I went to see my friend Geri and to get my haircut. My hair stylist, Sam, told me it was her birthday and invited me out that night. I dragged my friend Shawn out and we had a blast hanging out with their friends, dancing, and meeting Iranian male models who wore more eyeliner than me. I met a guy named Todd who had a house, a dog, a divorce, and a daughter. He was extremely nice, but made me feel my age a little. He was the kind of guy I probably needed to meet, but would never give the time. He probably had less baggage than me and would probably run away screaming if the likes of me entered his life.

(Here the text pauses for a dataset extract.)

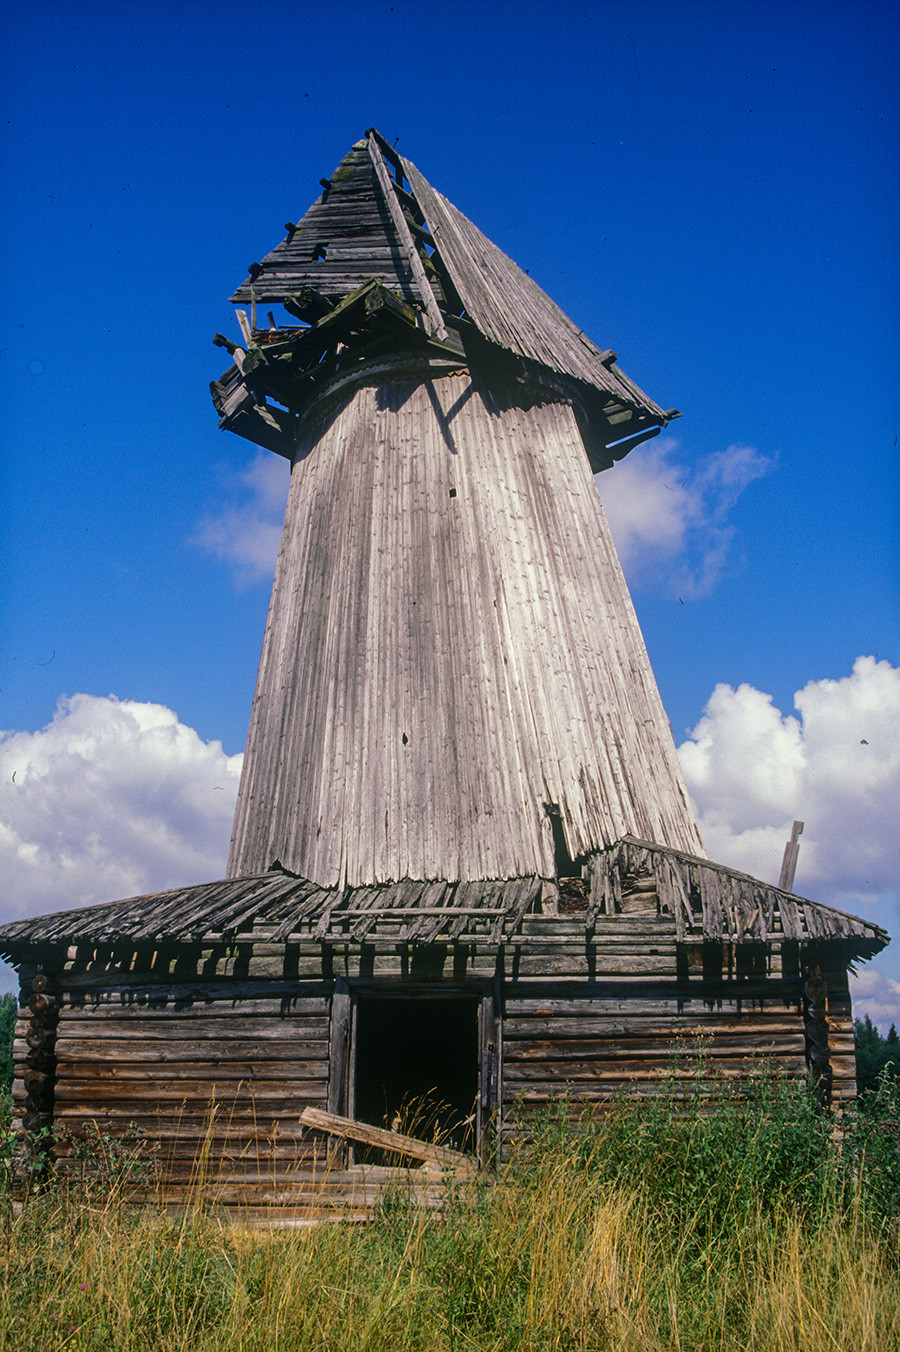  Zakharyevo. Remnants of tower windmill. August 7, 2001

I called my friend Amy the next day and asked her why we didn’t meet men like this in Dallas. She pointed out that I was on vacation and that I didn’t have my guard up. She seemed to think that if I was home, that I probably would not get past a mere hello with a man like that. I wonder if this is true and if it is, then what the heck is wrong with me?

Friday, February 23, 2007

Aloha Hawaii!

I rushed to the airport because I worked up until the few precious seconds before I started my trip to Australia. I decided to breakup the trip and fly to Hawaii to visit friends before my journey to Aus. The flight from Dallas to LA was exhausting. I had not slept in almost 3 days so as soon as I got on the plane, I passed out. I woke up and the guy sitting next to me had wedged his sweatshirt between the two us because I had apparently fallen asleep on him. So I had been passed out and hugging his sweatshirt for about an hour. He was in the Navy and was in Fort Worth for training. Am I a friggin military man magnet? He was nice about me drooling on him as I slept. He was Filipino and asked me where the good Asian clubs were in Dallas. Sorry to say, but he was asking the wrong person. I am proud of my heritage. I am not ashamed of being Asian or Vietnamese. However, I also consider myself American as well and I pride myself in the large variety of friends that I hang out with. So seeking out a club with only Asian people in it is not something that I take interest in. I'm interested in having fun and I can do that at any place consisting of any race of people.

Of course my flight to Hawaii was delayed several hours. I sat next to one of the owners of Wahoo Fish Market. He was certainly the most interesting guy I ever met on an airplane. He had long hair and a long interesting beard. He regaled me with stories and showed me pictures of famous people he had met. He also gave me a contact in Australia for the later leg of my journey. When we arrived at the airport it was 2am and my friends both had to get up at 5am. So, my newfound airplane friend gave me a ride to the hotel.

It seems I have a natural talent for meeting random people on vacation. Perhaps it’s because I am cute and friendly. I personally think it’s because I am in constant need of human interaction that I force myself to talk and befriend complete strangers. So far it’s worked out well for me. This talent never works in Dallas, but it’s a great gift when traveling alone.